Park on three Allegheny River islands in Allegheny County, Pennsylvania

Allegheny Islands State Park is a 50 acre Pennsylvania state park in Harmar Township, Allegheny County, Pennsylvania in the United States. The undeveloped park is composed of three alluvial islands located in the middle of the Allegheny River northeast of Pittsburgh. The islands are just north of the boroughs of Oakmont and Plum, and southwest of Cheswick. Bridges for the Pennsylvania Turnpike (Interstate 76) and the Bessemer and Lake Erie Railroad Branch of the Canadian National Railway cross the Allegheny River at the middle island.

==Islands==
The park land on the islands has a total area of 43 acre, with two islands downstream of the Allegheny River Lock and Dam Three (officially named the C. W. Bill Young Lock and Dam), and the other island upstream.
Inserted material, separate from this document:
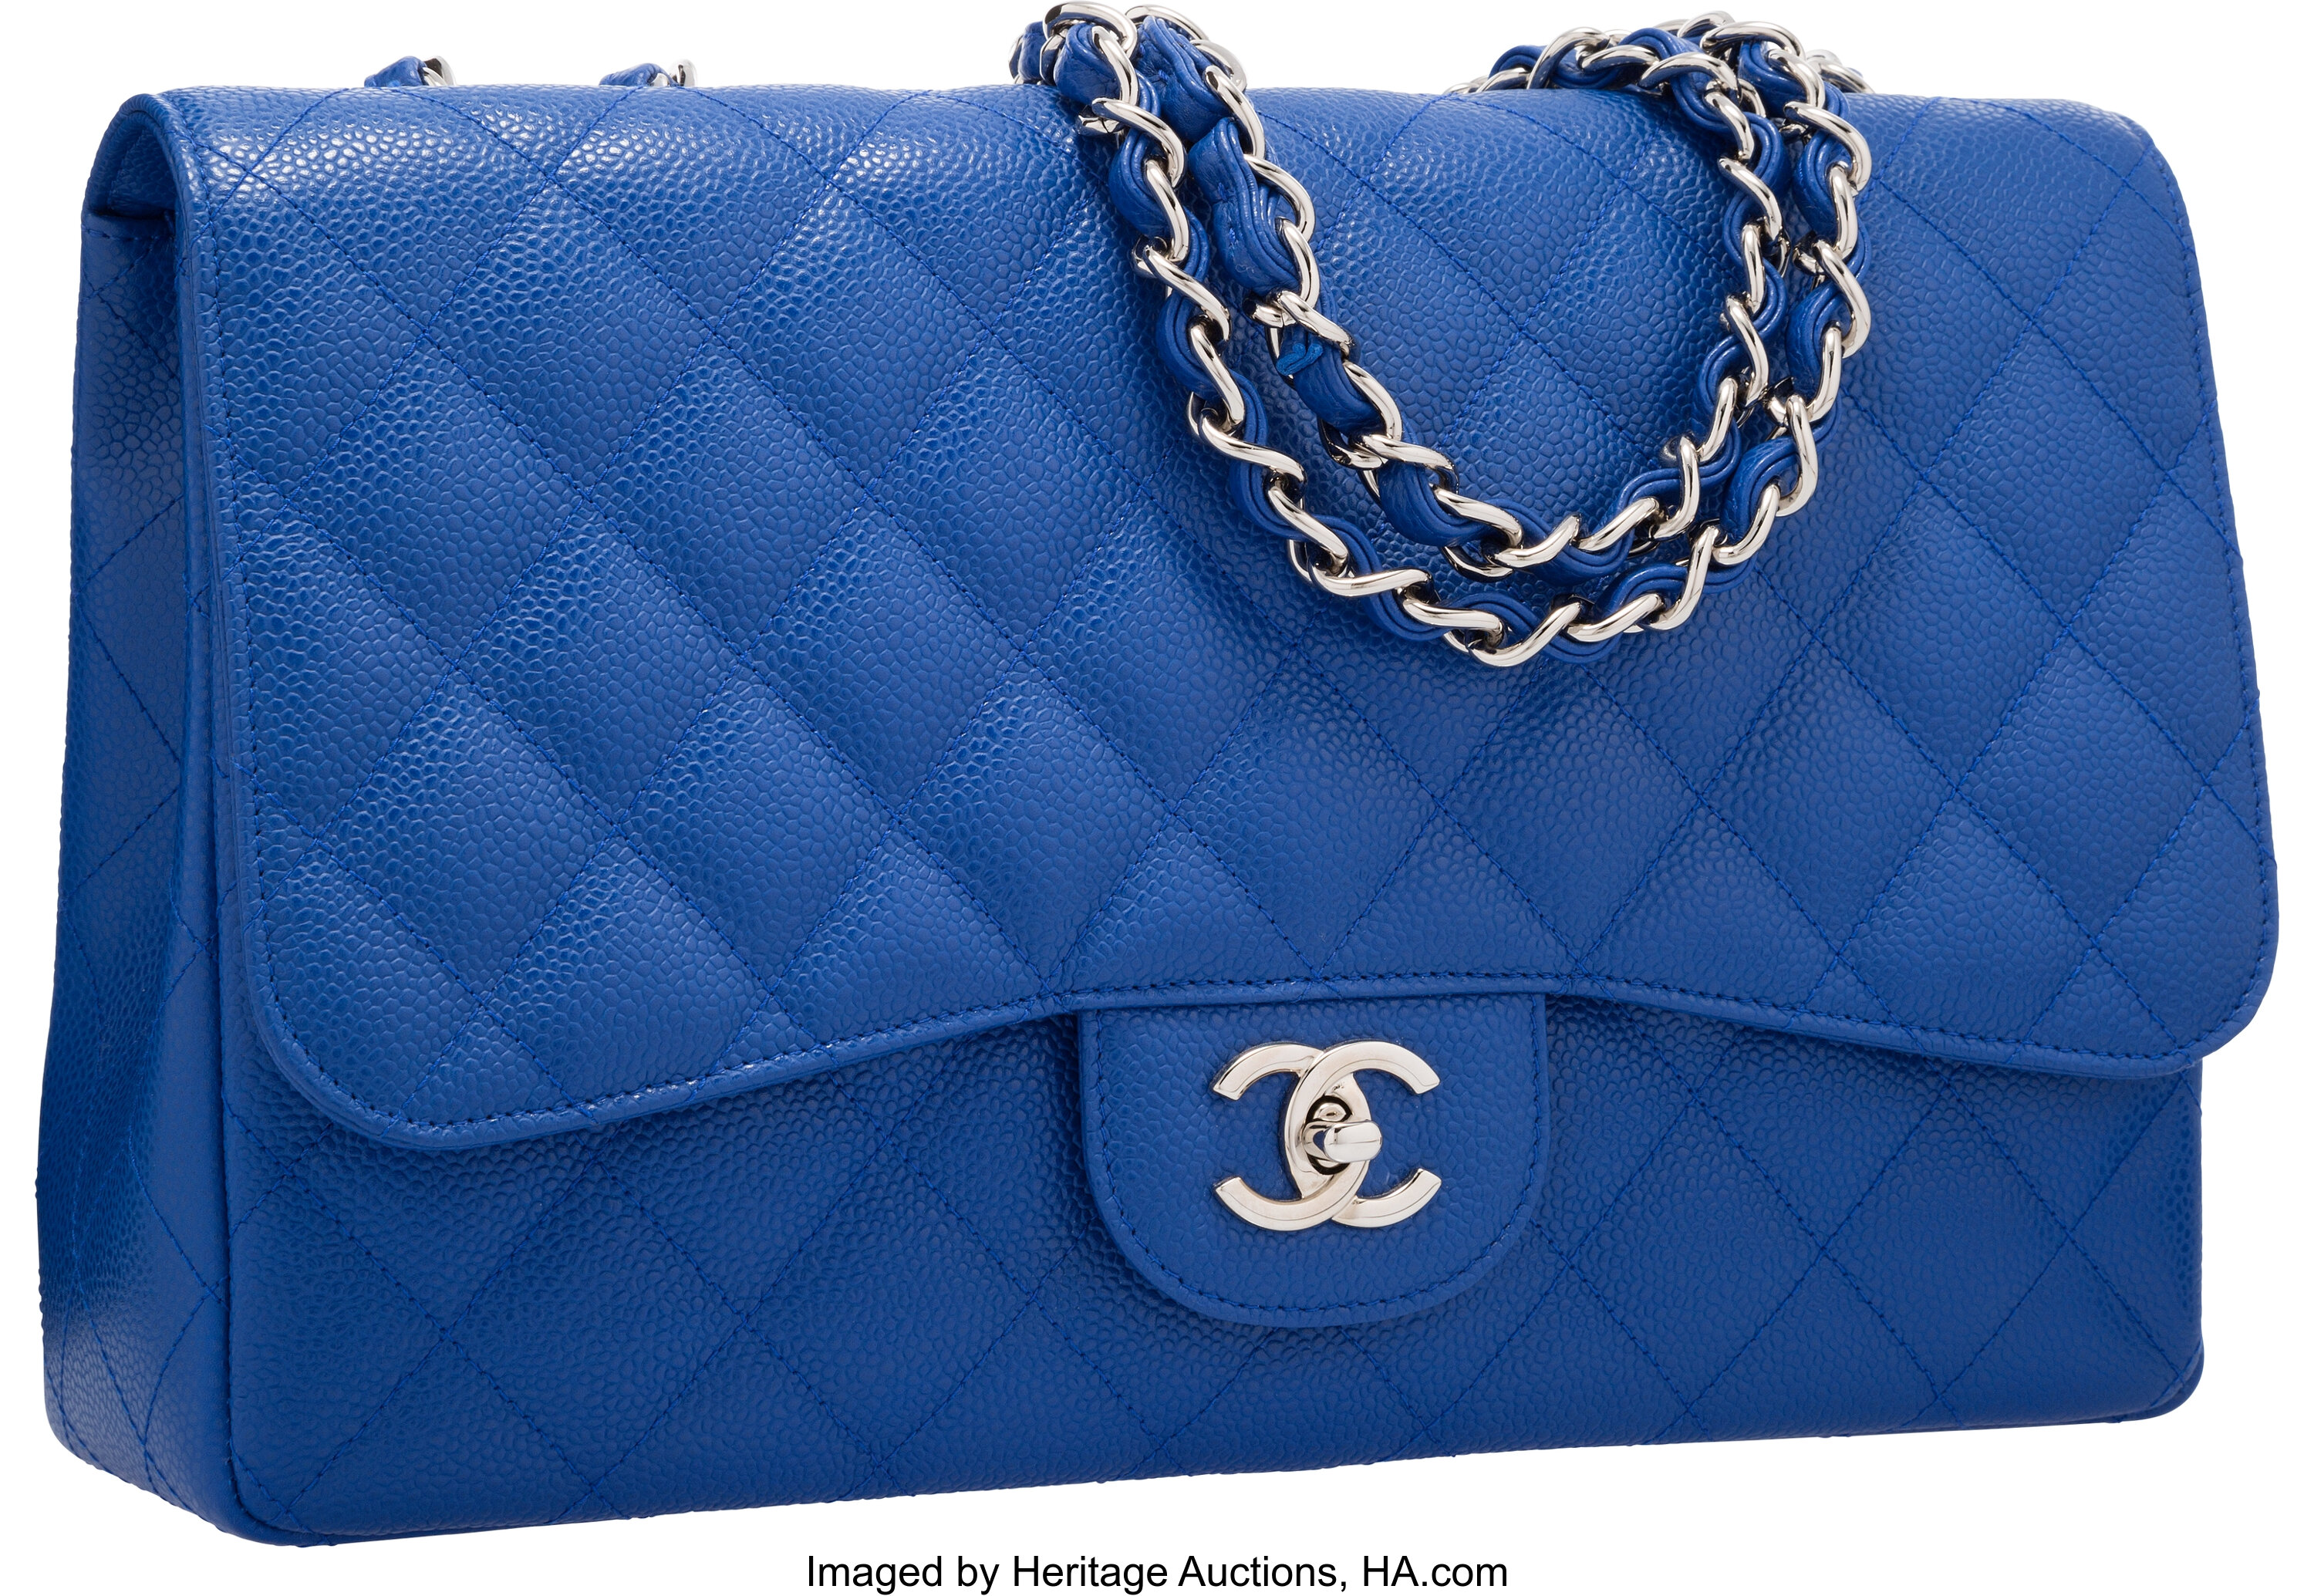 Chanel Blue Quilted Caviar Leather Large Easy Flap Bag Chanel

Twelve Mile Island is the farthest downstream (west) and has a number of houses and buildings on the western four-fifths of the island (the park land is the eastern end). The remaining two islands are both uninhabited and have no structures on them. They were originally one island named Fourteen Mile Island, but were split into two parts by the construction of the dam. Today the name Fourteen Mile Island is given to the middle island, just downstream (west) of the dam, and it is the site of the highway and railroad bridges. According to the USGS GNIS, the last island (which was once part of Fourteen Mile Island) is unnamed (although it is still labeled "Fourteen Mile Island" on the U.S. Army Corps of Engineers navigation maps of the Allegheny River.) This unnamed island is the easternmost and the only one upstream of the dam. There are also five to seven shoals near the islands, which are occasionally exposed.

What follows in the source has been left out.